What you will do:
This exercise calls for an exact copy of the listing, with no pictures kept.

─── Recorded information

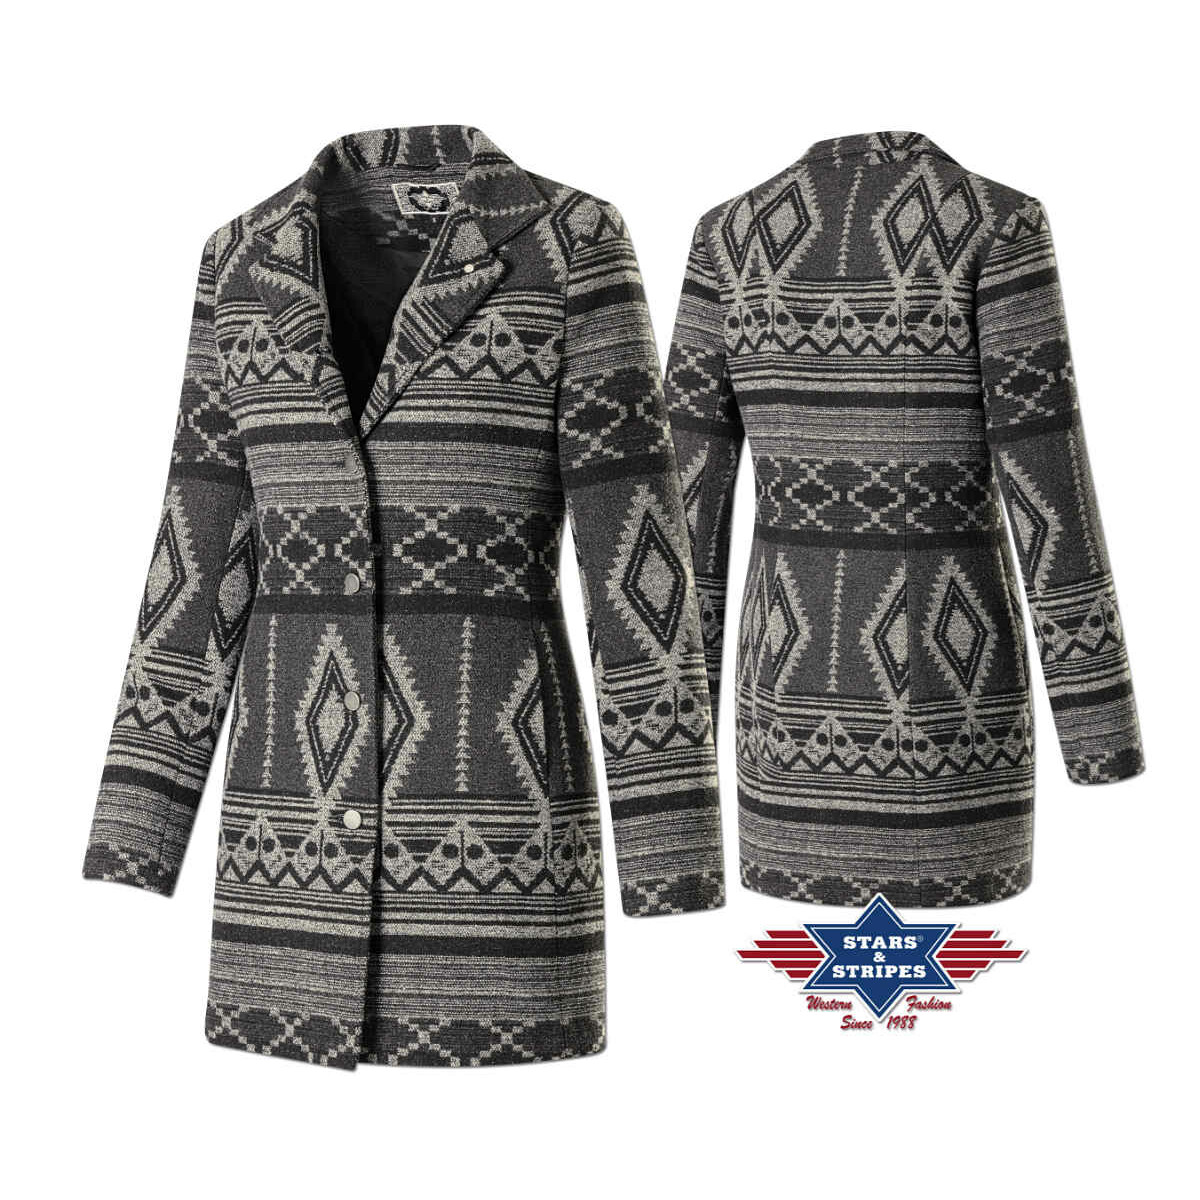 Damenmantel Wintermantel warme Winterjacke im Azteken-Design von Stars & Stripes
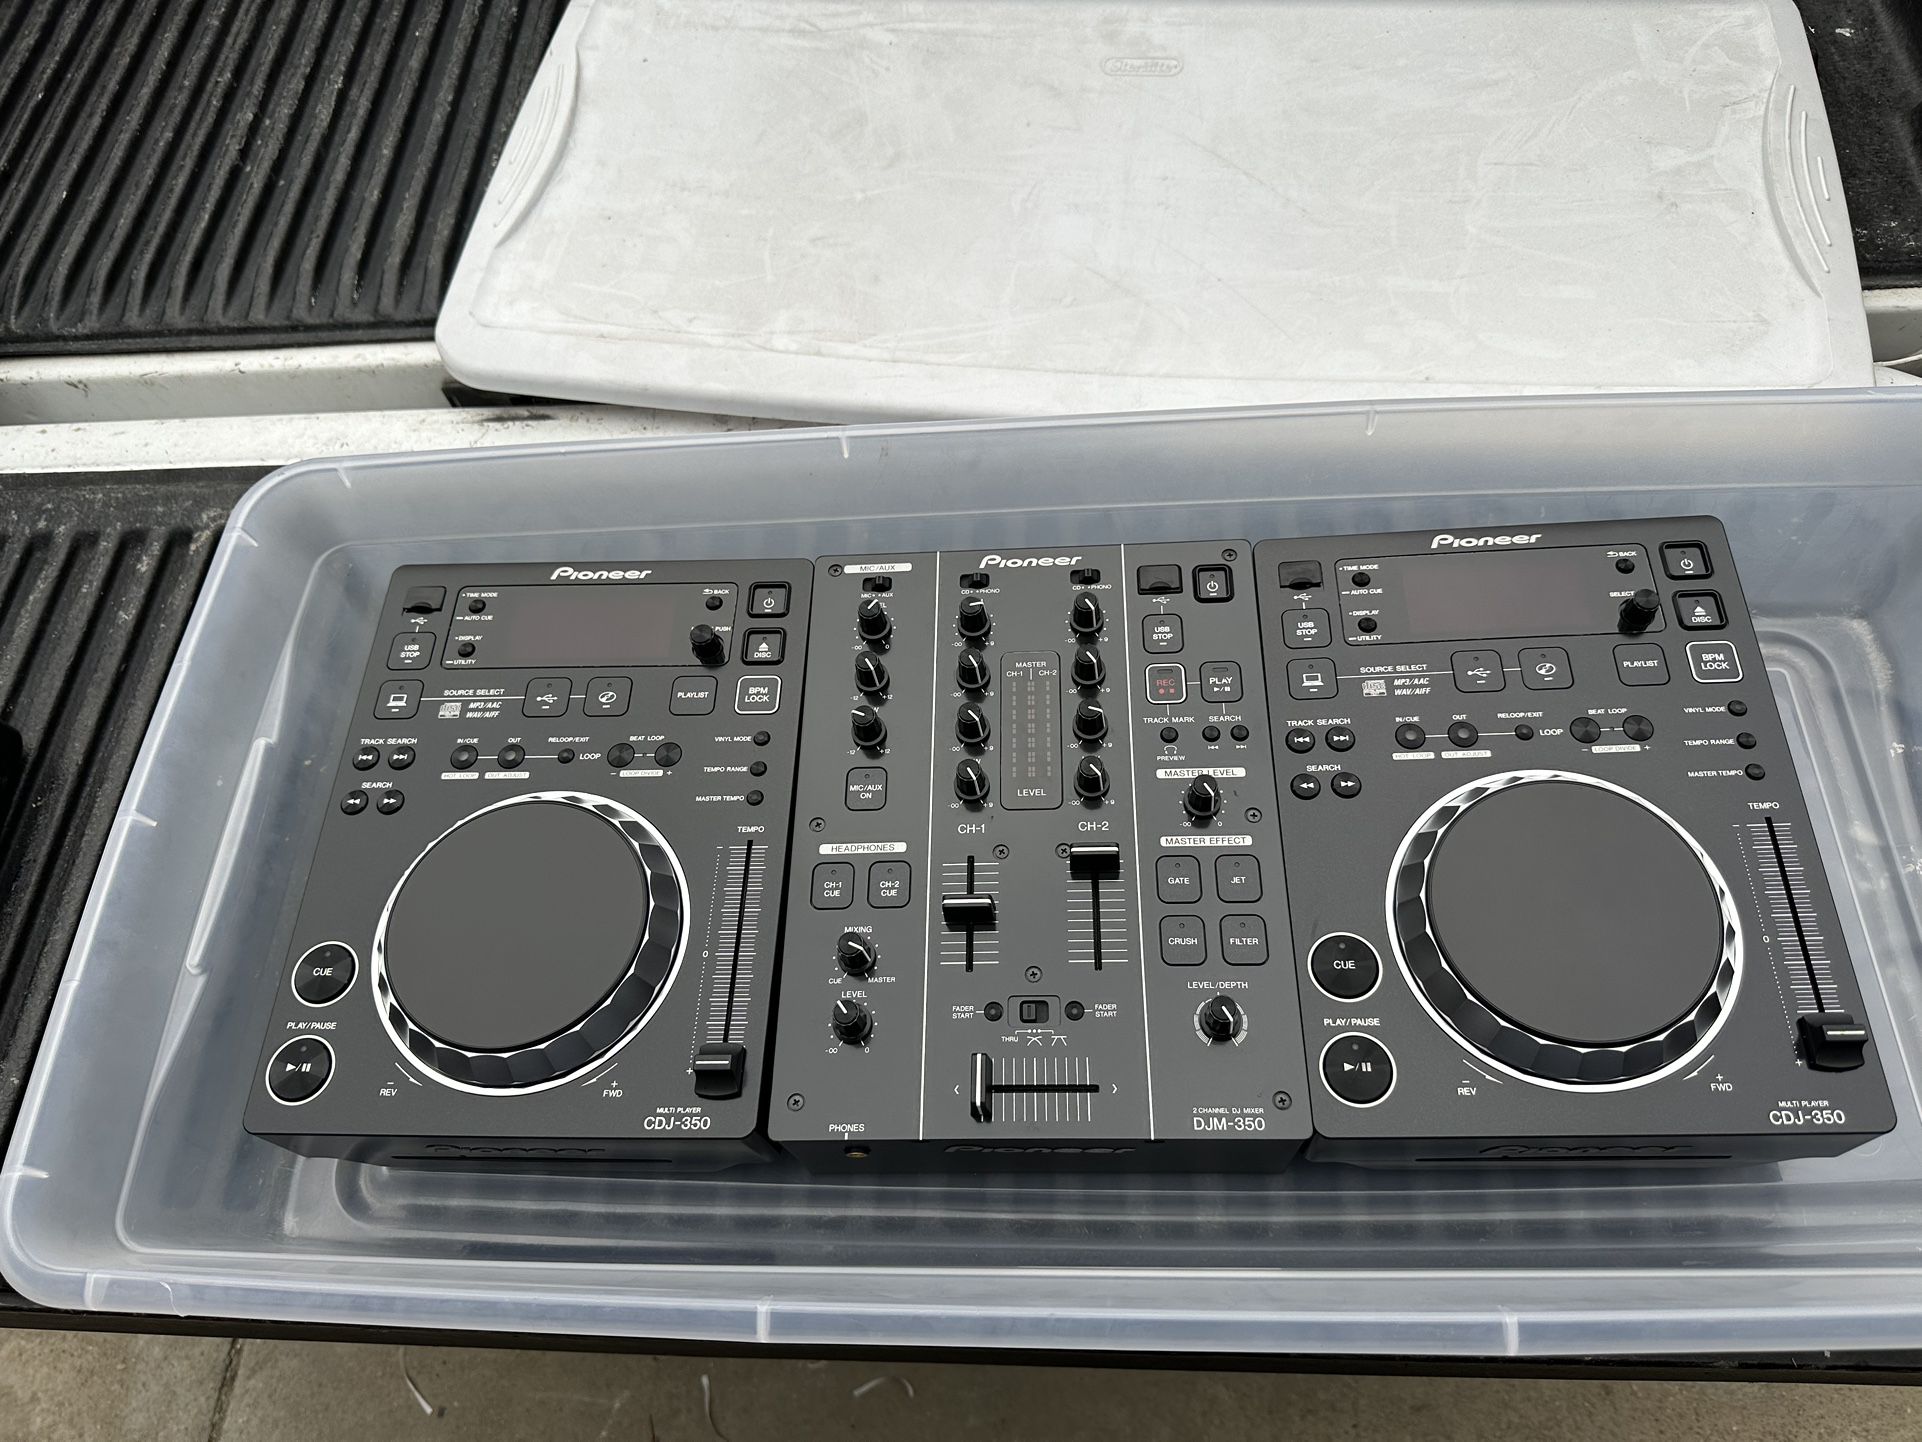 DJ Pioneer 
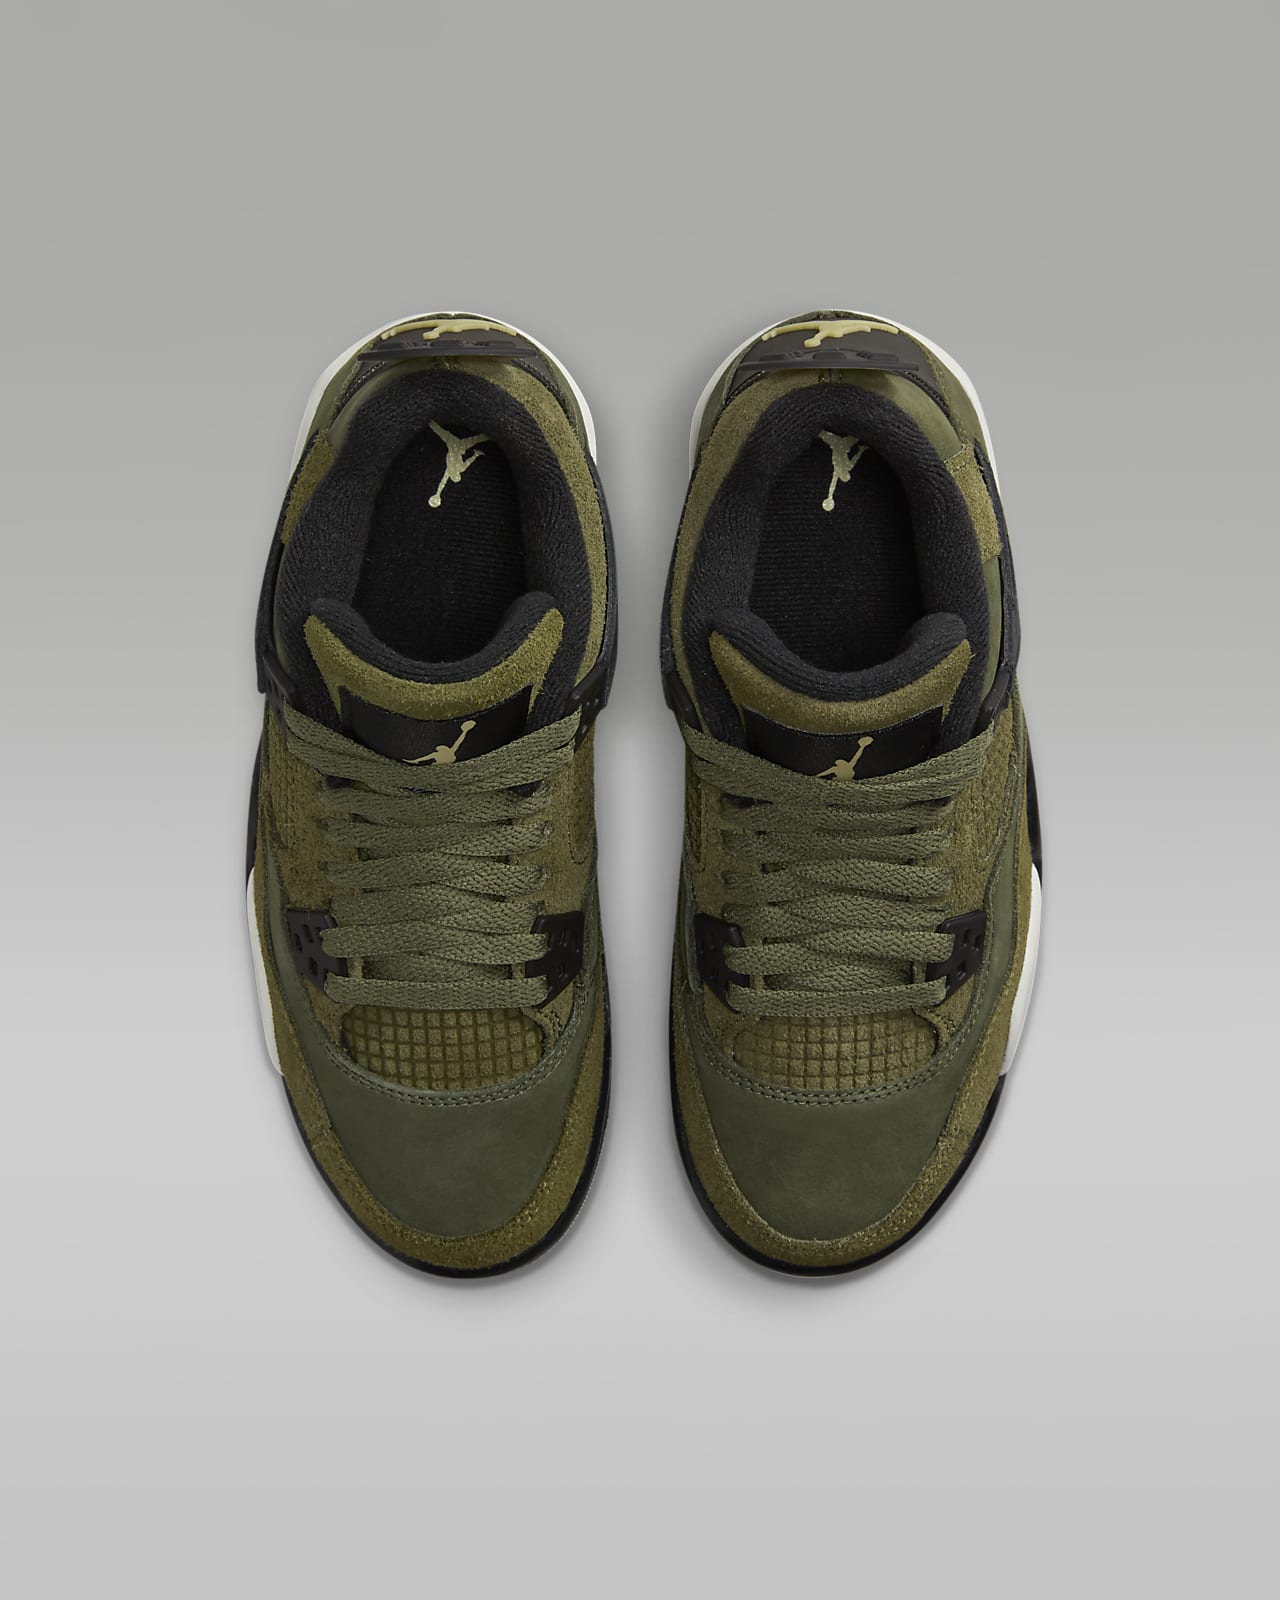 Air Jordan 4 Medium Olive: A Fresh Craft Series Entry
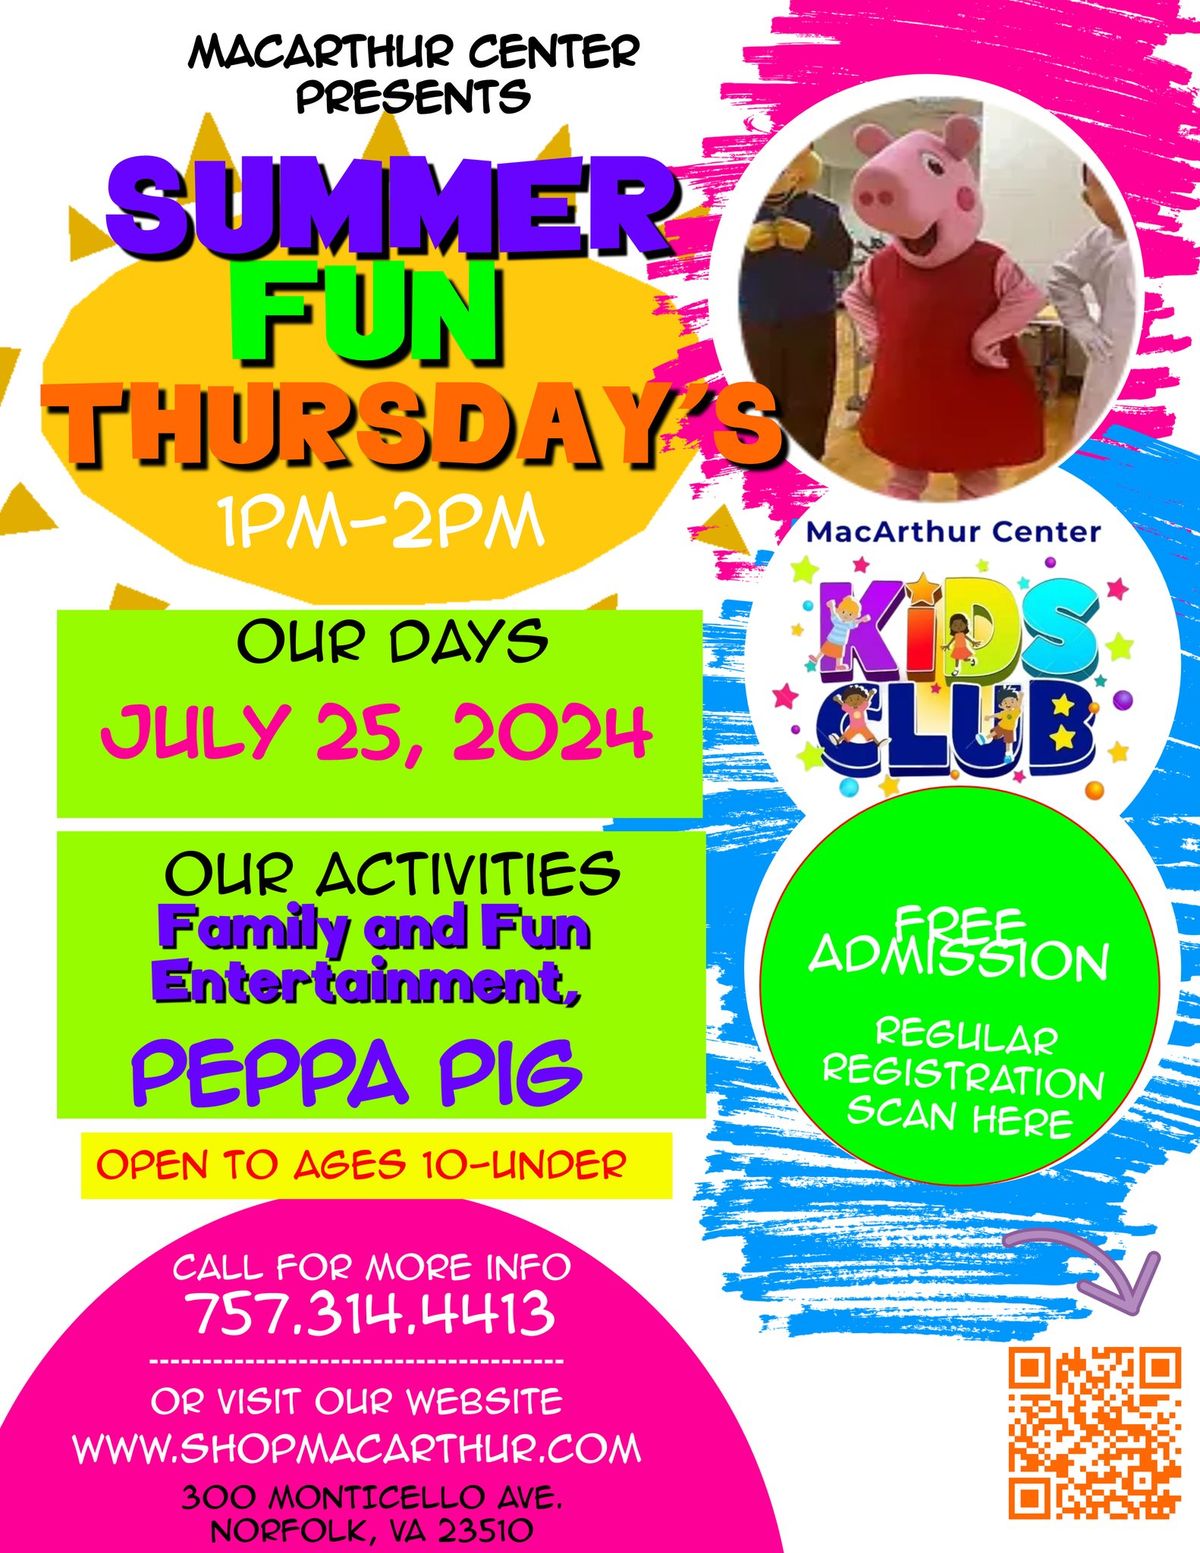 Summer Fun Thursdays at MacArthur Center!

──────

Task output:
 Damenmantel Wintermantel warme Winterjacke im Azteken-Design von Stars & Stripes
 DJ Pioneer 
 Air Jordan 4 Medium Olive: A Fresh Craft Series Entry
 Summer Fun Thursdays at MacArthur Center!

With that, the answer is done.